For the entries that follow, restate word for word the line containing "Chanel collier en", the line containing "Bon état vintage.", and every line that lies between them.

Exercise materials =>

↓

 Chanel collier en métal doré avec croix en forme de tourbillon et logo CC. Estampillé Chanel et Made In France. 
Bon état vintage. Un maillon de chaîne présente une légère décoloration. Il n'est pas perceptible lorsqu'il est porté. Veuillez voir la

↑
↓

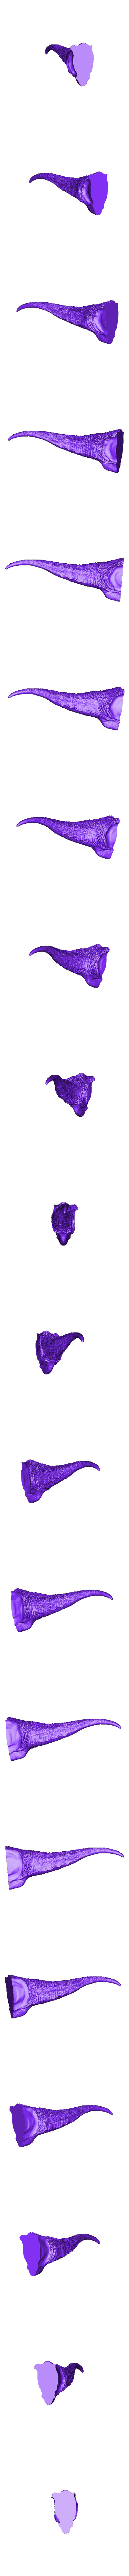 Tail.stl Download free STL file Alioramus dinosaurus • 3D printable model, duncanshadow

↑

Problem solution =>
 Chanel collier en métal doré avec croix en forme de tourbillon et logo CC. Estampillé Chanel et Made In France. 
Bon état vintage. Un maillon de chaîne présente une légère décoloration. Il n'est pas perceptible lorsqu'il est porté. Veuillez voir la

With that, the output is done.